The American Diabetes Association says more than 8 million Americans use insulin, which the body needs to convert food into energy. People who have diabetes don’t produce enough insulin.

While Lilly and other drug manufacturers have taken steps to help diabetics cover the costs of their insulin, and Minnesota adopted an emergency safety net program for diabetics in 2020, Ellison said the settlement provides better guarantees for patients that their out-of-pocket insulin costs won’t exceed $35 a month, beginning immediately.

“It doesn’t make sense for this lifesaving medicine to be locked behind the glass you can only break in case of an emergency, or behind a high wall of prices,” Ellison said. “This settlement shatters that glass and tears down that wall — $35 out-of-pocket, when you need it.”

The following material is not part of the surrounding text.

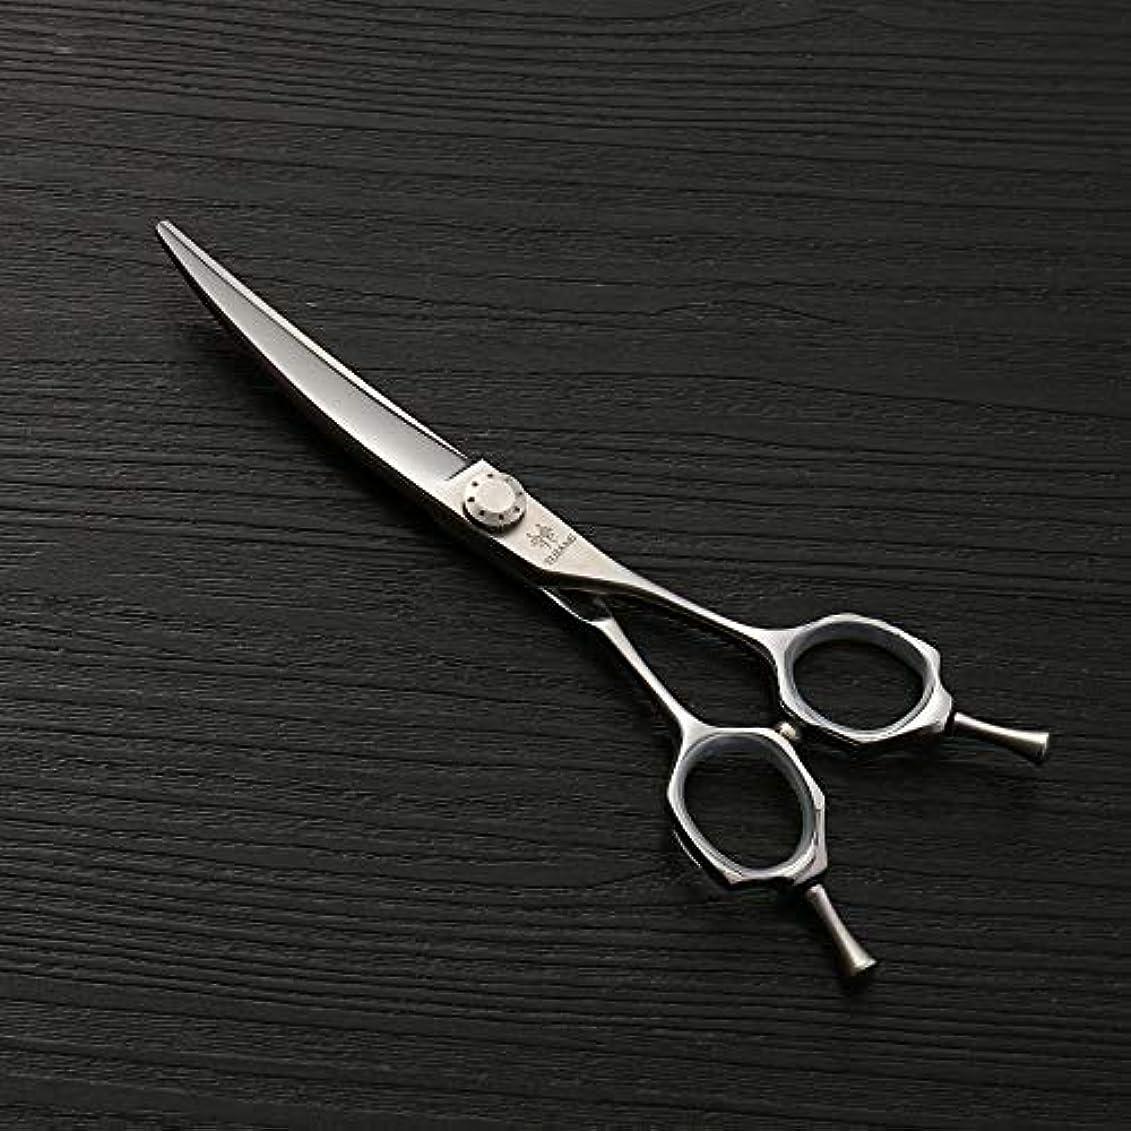 統合するインカ帝国卑しい440Cステンレス鋼理髪はさみ、6.0ファッション散髪はさみ、ヘアスタイリストの動向 ヘアケア (色 : Silver)

Minnesotans can get information on how to access the $35-a-month Lilly insulin at MNinsulin35.org.

New York last year reached a similar settlement with the big three insulin makers, Ellison said. And the attorneys general of California, Illinois, Arizona and Utah, and some local governments, have filed similar lawsuits in the last year, his office said. President Joe Biden’s 2022 Inflation Reduction Act capped out-of-pocket costs of insulin to people on Medicare to $35 a month, but only for seniors.

Lilly said in a statement that the settlement ensures that Minnesotans will have affordable access to its insulins, and that it builds on steps the company has already taken, including price cuts and caps announced last March, that have brought the average monthly out-of-pocket cost for Lilly insulin down to $20.48.

Novo Nordisk last year also announced plans for insulin price cuts starting this year.

Minnesota’s emergency program is named for Alec Smith, who died from diabetic complications in 2017 at the age of 26 after rationing his insulin to make it last longer.

His mother, Nicole Smith-Holt, said at the news conference that there are now multiple ways for diabetics in Minnesota to access affordable insulin, “and it’s going to save so many lives.”